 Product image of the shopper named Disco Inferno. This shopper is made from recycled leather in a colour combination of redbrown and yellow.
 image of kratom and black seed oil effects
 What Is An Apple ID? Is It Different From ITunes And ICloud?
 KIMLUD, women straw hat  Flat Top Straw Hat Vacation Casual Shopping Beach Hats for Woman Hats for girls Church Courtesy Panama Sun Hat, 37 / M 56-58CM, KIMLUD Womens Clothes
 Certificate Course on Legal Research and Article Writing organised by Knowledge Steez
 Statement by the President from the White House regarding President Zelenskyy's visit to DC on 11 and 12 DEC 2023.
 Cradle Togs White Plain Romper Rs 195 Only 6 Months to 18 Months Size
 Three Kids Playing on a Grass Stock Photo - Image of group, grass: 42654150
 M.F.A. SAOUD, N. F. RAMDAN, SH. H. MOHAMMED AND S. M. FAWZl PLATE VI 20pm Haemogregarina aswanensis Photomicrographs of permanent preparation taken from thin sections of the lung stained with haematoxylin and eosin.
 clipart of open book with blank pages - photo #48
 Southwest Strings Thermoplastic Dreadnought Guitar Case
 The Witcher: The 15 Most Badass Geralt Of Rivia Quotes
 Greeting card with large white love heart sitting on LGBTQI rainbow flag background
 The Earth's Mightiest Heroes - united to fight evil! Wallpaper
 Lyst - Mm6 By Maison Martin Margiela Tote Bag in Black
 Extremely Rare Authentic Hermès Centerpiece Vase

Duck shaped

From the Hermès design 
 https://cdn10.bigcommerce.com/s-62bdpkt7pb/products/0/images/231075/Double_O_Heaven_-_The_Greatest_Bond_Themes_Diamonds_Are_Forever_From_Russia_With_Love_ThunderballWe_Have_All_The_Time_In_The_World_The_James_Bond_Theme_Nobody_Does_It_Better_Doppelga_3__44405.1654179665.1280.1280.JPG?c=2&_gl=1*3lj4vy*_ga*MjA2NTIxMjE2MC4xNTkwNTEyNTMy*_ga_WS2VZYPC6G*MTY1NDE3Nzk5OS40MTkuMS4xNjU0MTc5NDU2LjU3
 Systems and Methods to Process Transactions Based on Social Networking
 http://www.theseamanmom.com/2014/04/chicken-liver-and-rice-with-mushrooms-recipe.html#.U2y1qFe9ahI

◆ To do
The output should be exactly the lines above from the line containing "Statement by the" to the line containing "Extremely Rare Authentic", inclusive, with no other lines.

◆ Result of the exercise
 Statement by the President from the White House regarding President Zelenskyy's visit to DC on 11 and 12 DEC 2023.
 Cradle Togs White Plain Romper Rs 195 Only 6 Months to 18 Months Size
 Three Kids Playing on a Grass Stock Photo - Image of group, grass: 42654150
 M.F.A. SAOUD, N. F. RAMDAN, SH. H. MOHAMMED AND S. M. FAWZl PLATE VI 20pm Haemogregarina aswanensis Photomicrographs of permanent preparation taken from thin sections of the lung stained with haematoxylin and eosin.
 clipart of open book with blank pages - photo #48
 Southwest Strings Thermoplastic Dreadnought Guitar Case
 The Witcher: The 15 Most Badass Geralt Of Rivia Quotes
 Greeting card with large white love heart sitting on LGBTQI rainbow flag background
 The Earth's Mightiest Heroes - united to fight evil! Wallpaper
 Lyst - Mm6 By Maison Martin Margiela Tote Bag in Black
 Extremely Rare Authentic Hermès Centerpiece Vase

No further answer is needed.